As the image above shows, hospitals in rural areas tend to be much smaller and face inherent economic challenges as a result. There are 3,200 counties in the United States, and the majority of them have fewer than 26,000 residents. The typical rural hospital in America takes in no more than 15 new patients per day, and has fewer than100 beds. This makes rural hospitals very unprofitable because the fixed overhead costs of facilities, personnel, and equipment can only be covered by revenue from a very small number of patients.
Rural hospitals across America continued to close throughout the Covid-19 pandemic. A study from the University of North Carolina found that 19 rural hospitals closed in 2020, followed by two more closures in 2021 and one as of early 2022. One-time, emergency funding granted through the 2020 CARES Act provides a temporary band-aid, but a more sustainable solution to this problem will probably require changes to Medicare and Medicaid reimbursed in policy proposals like the Rural Hospital Support Act.
Certificate of Need Laws
If a given state or region is facing a shortage of hospital beds and medical facilities that is driving up prices and increasing wait times, can investors or nonprofit philanthropists just open a new hospital to address this need?
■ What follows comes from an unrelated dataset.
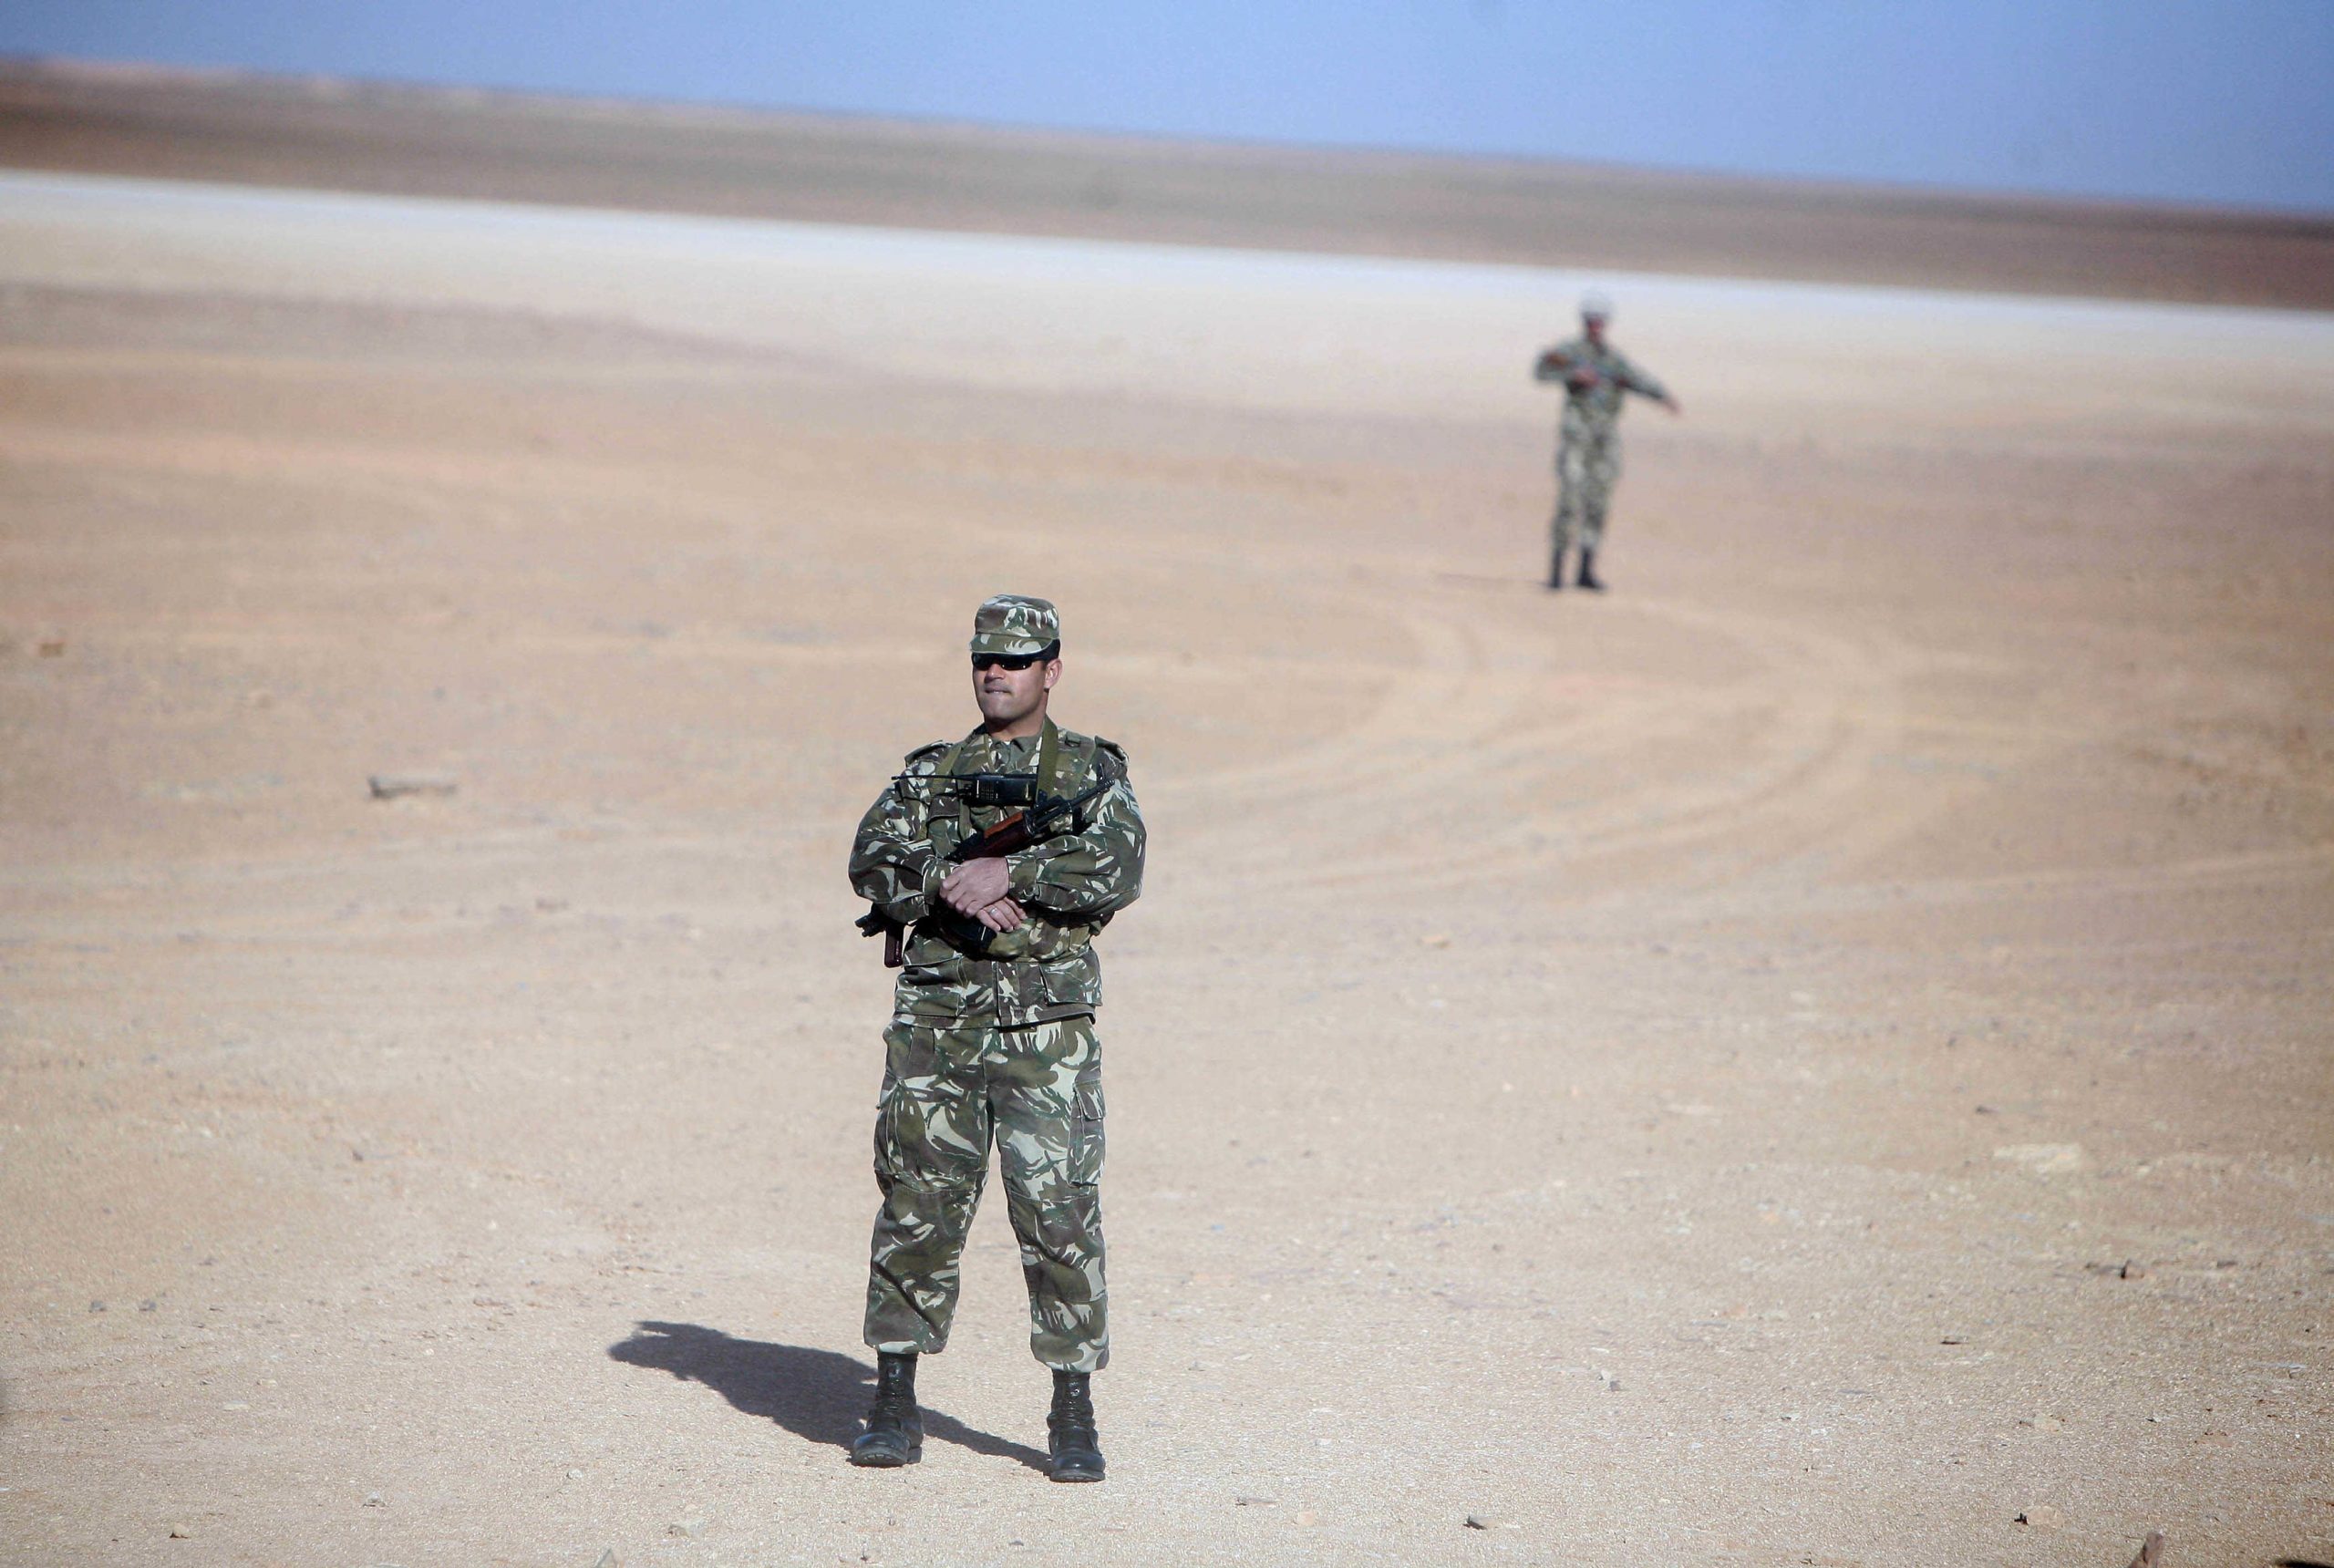 Deux soldats algériens tués dans des circonstances mystérieuses soulève plusieurs théories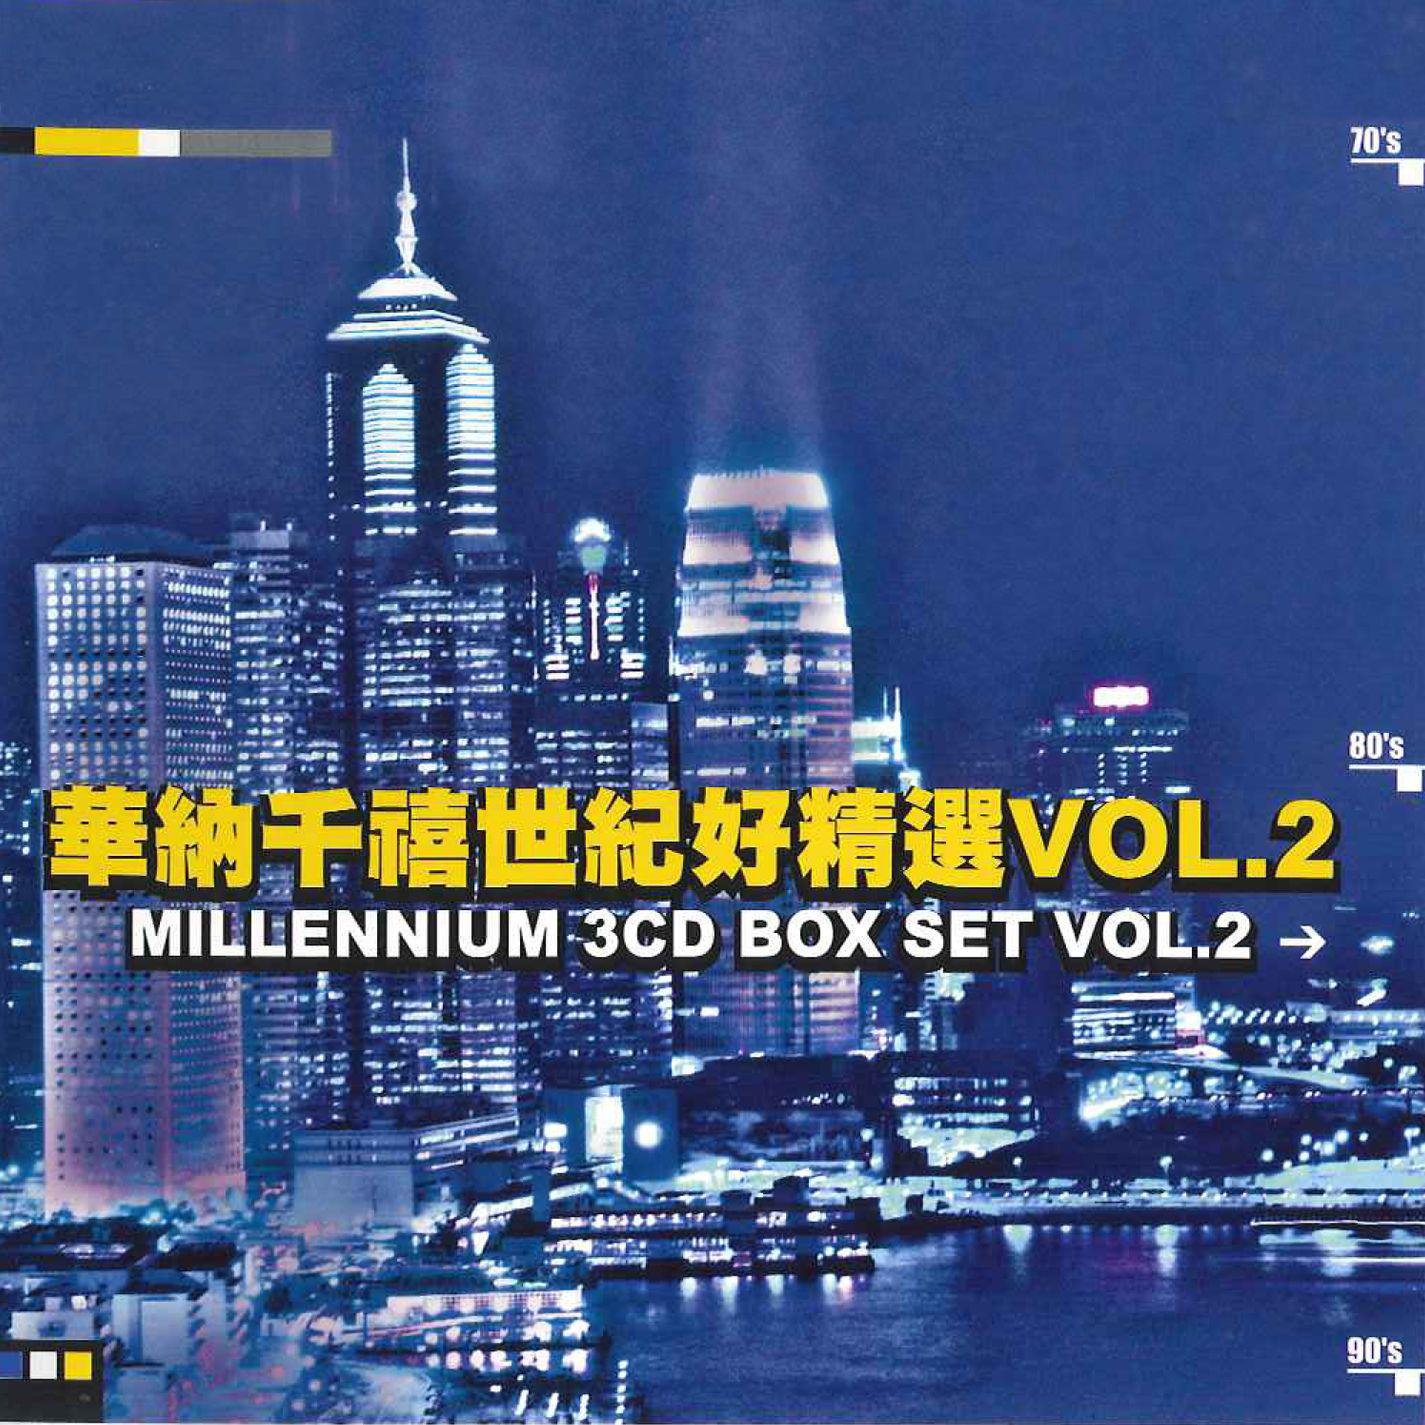 故事的角色歌词 歌手王杰-专辑Millennium Greatest Hits Vol.2-单曲《故事的角色》LRC歌词下载

In 35 different states and Washington DC, Certificate of Need Laws mean that building new facilities or adding more hospital beds and equipment to existing facilities requires proving to state regulatory boards that a shortage of these services exist.
These laws were originally passed as part of federal effort to centrally plan the construction of new healthcare facilities, with the reasoning that a greater supply of medical facilities and equipment would somehow increase the price of medical treatment. A state regulatory board in Virginia denied a hospital’s request to build neonatal intensive care units because another facility nearby protested about unwanted competition, and regulators in Michigan restricted access to a promising new cancer treatment on similar grounds. These regulations contributed to a scarcity of hospital beds in the United States relative to America’s population.
Doctors and Patients
According to Seema Verma, former administrator of the Centers for Medicare & Medicaid Services, the fee-for-service method creates “perverse incentives to offer more care.”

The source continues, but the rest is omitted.